* Supplied information:
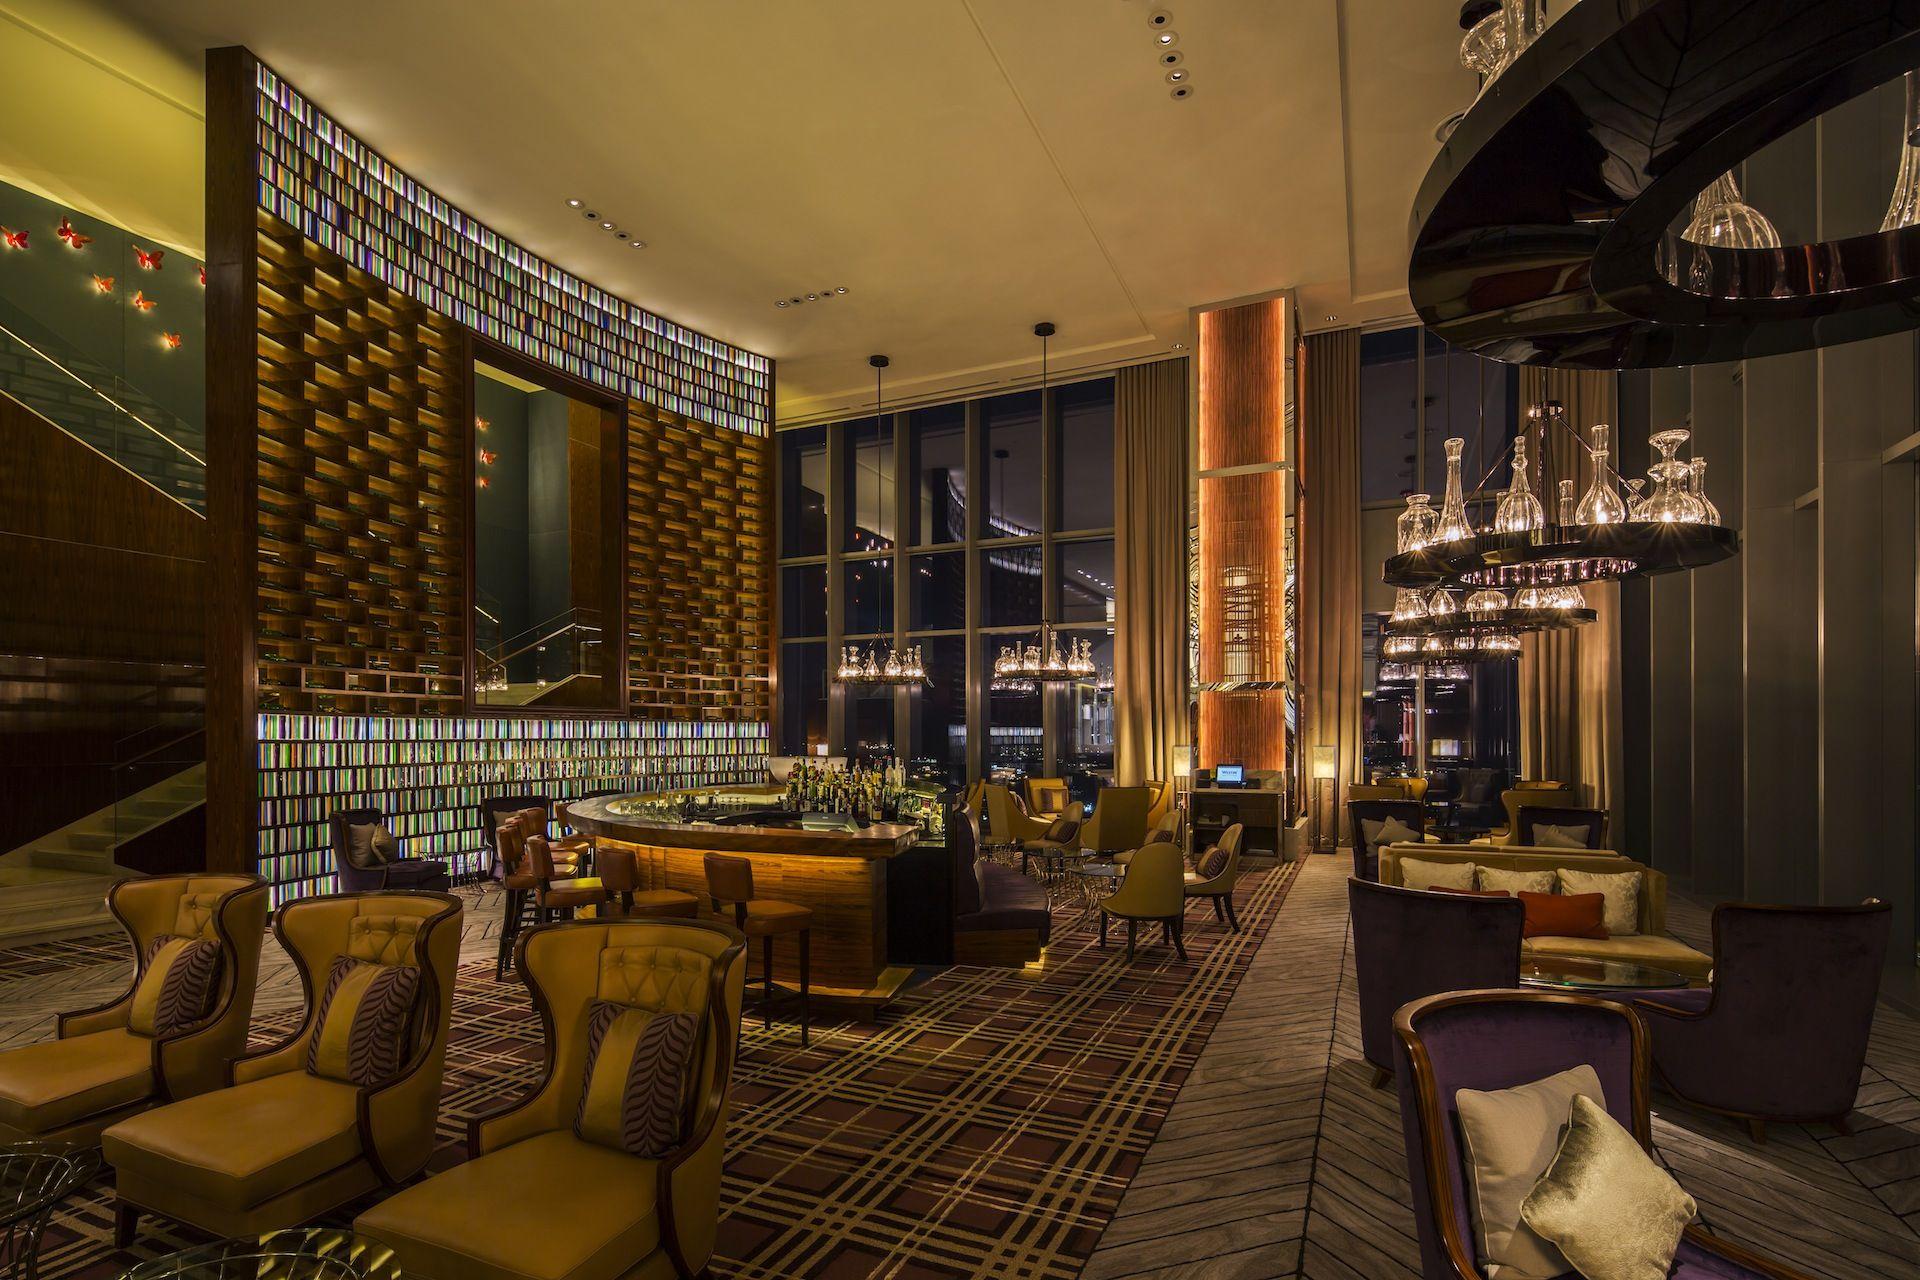 Westin Hotel Lobby-lounge Atmosphere Singapore
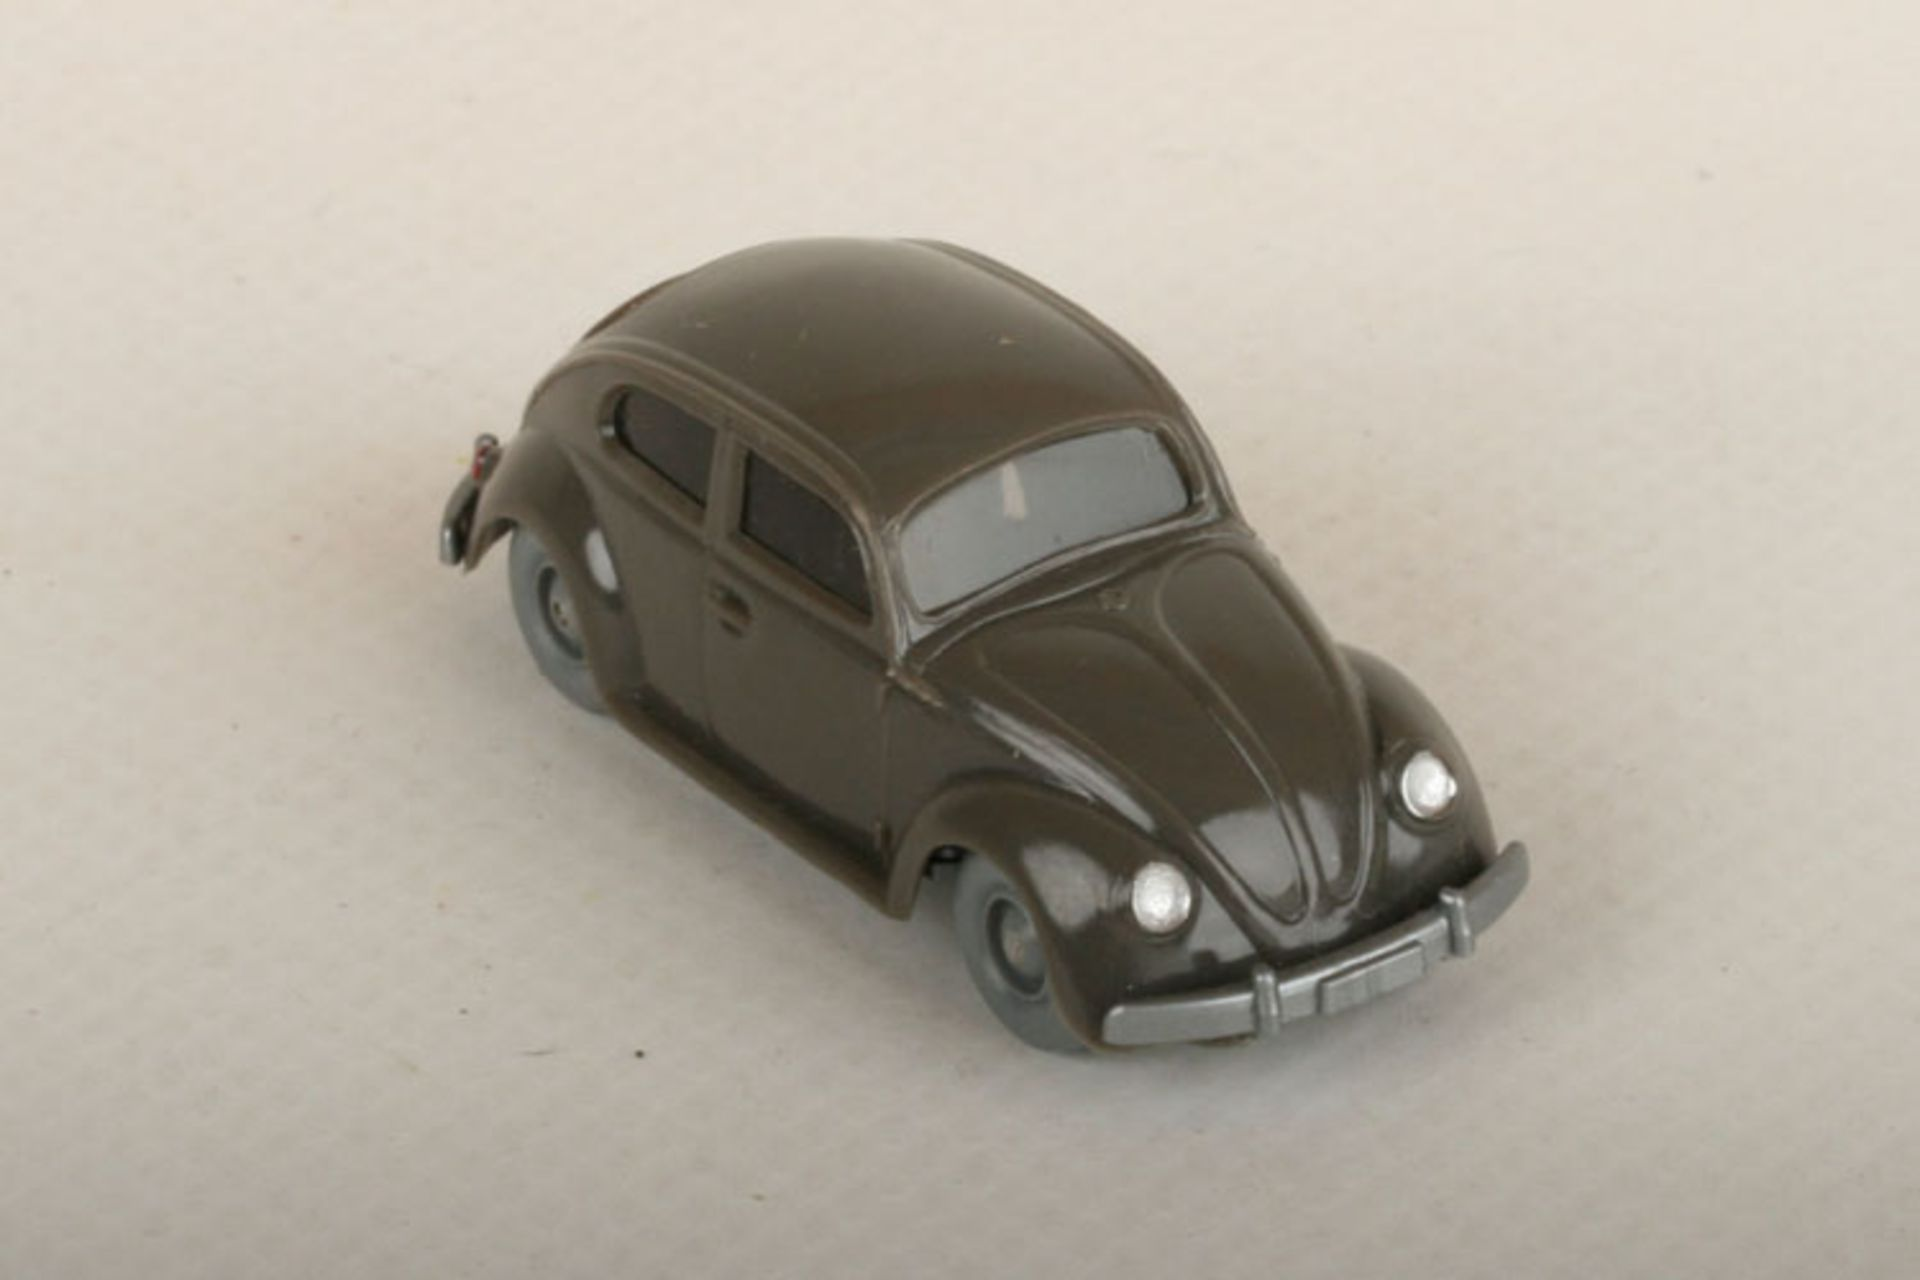 Los 1001 - Wiking VW Käfer Export umbragrau 30/7b, neuwertig
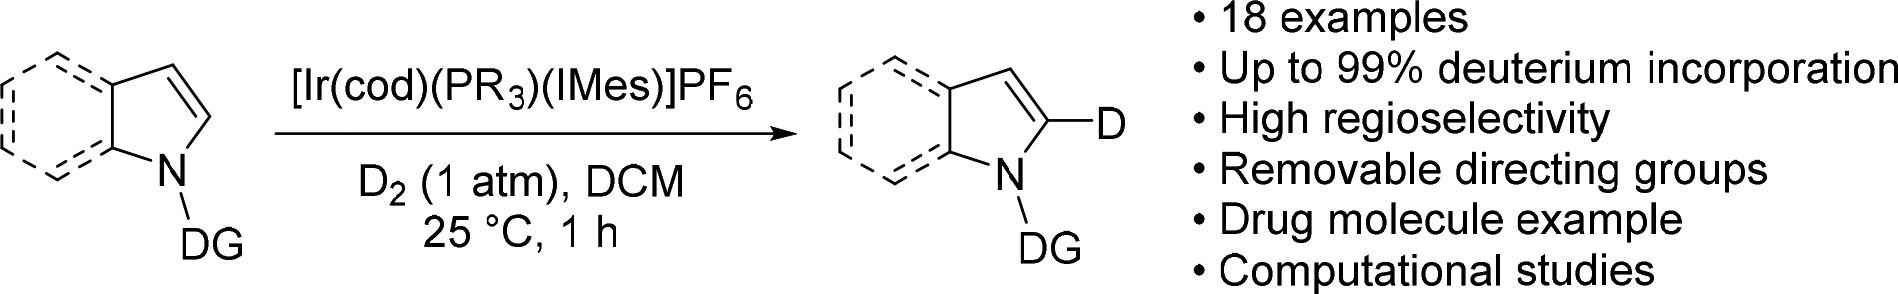 Site-Selective Deuteration of N-Heterocycles via Iridium-Catalyzed Hydrogen Isotope Exchange - ACS Catal. 2017, 7, 7182.
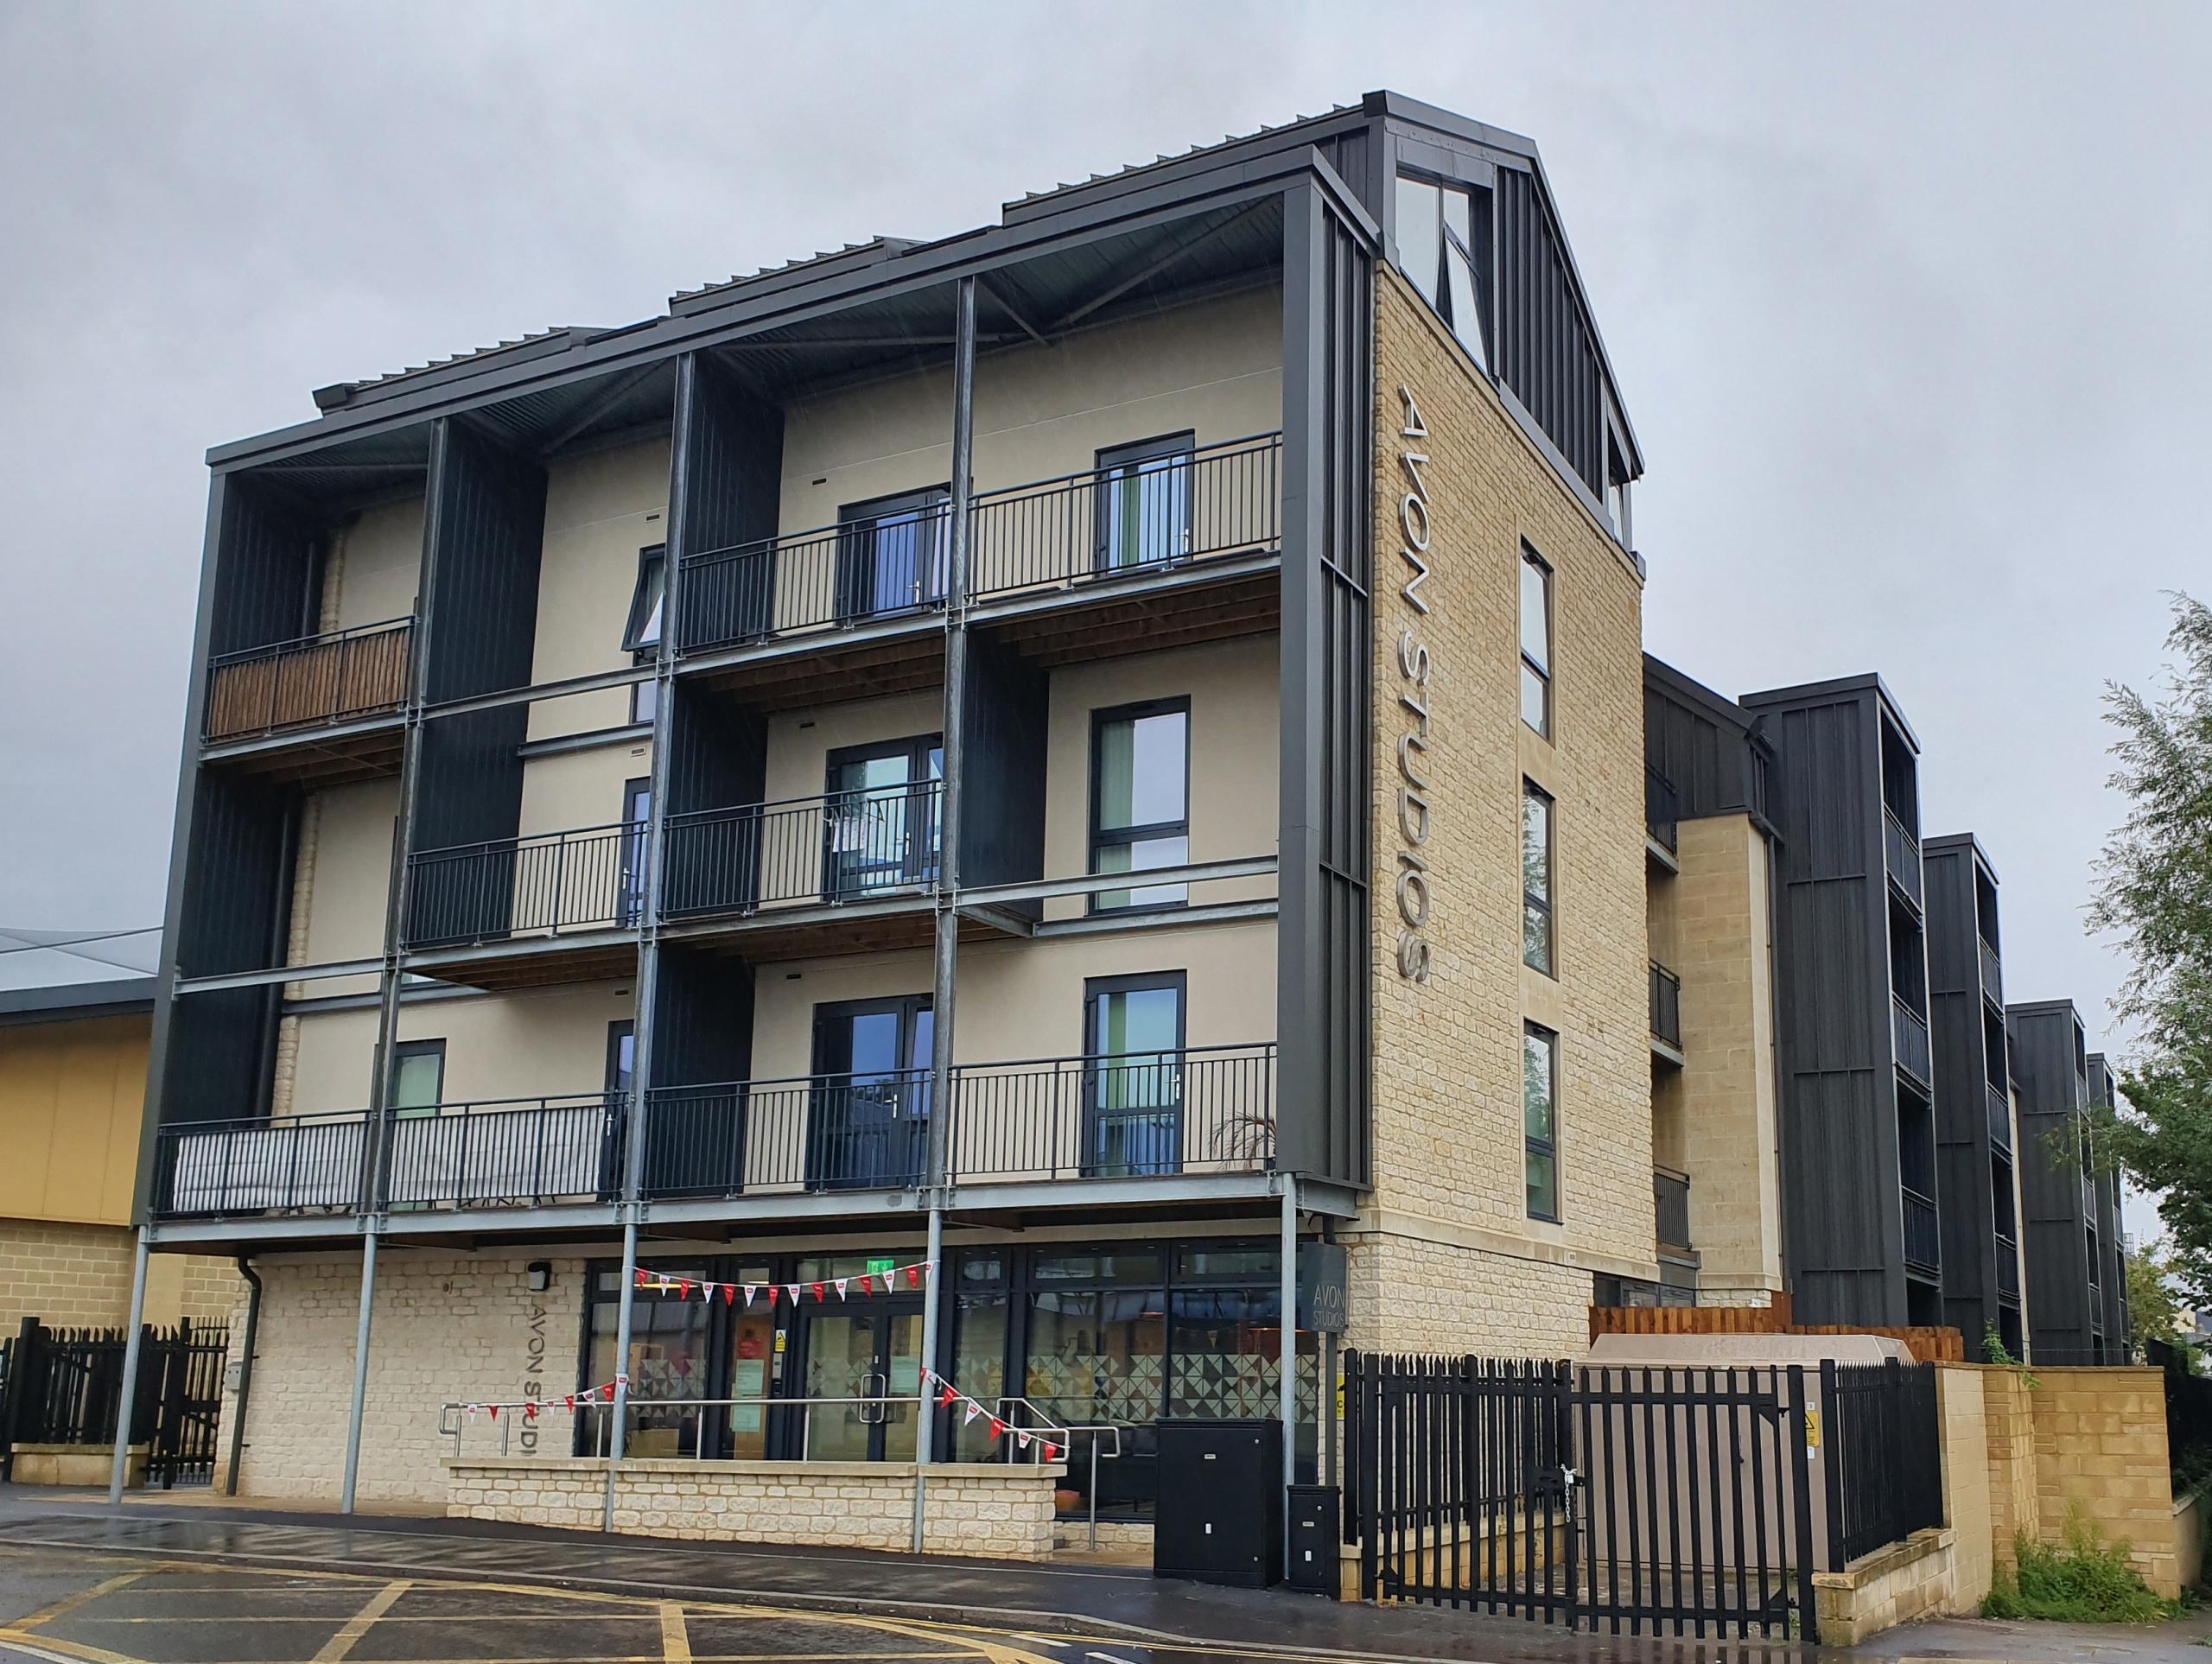 Avon Studios, Midland Road, Bath

* What this task involves: Take the line containing "Site-Selective Deuteration of" and every line after it up to the end of the data, and write them out exactly, without the pictures.

* Answer to this exercise:
 Site-Selective Deuteration of N-Heterocycles via Iridium-Catalyzed Hydrogen Isotope Exchange - ACS Catal. 2017, 7, 7182.
 Avon Studios, Midland Road, Bath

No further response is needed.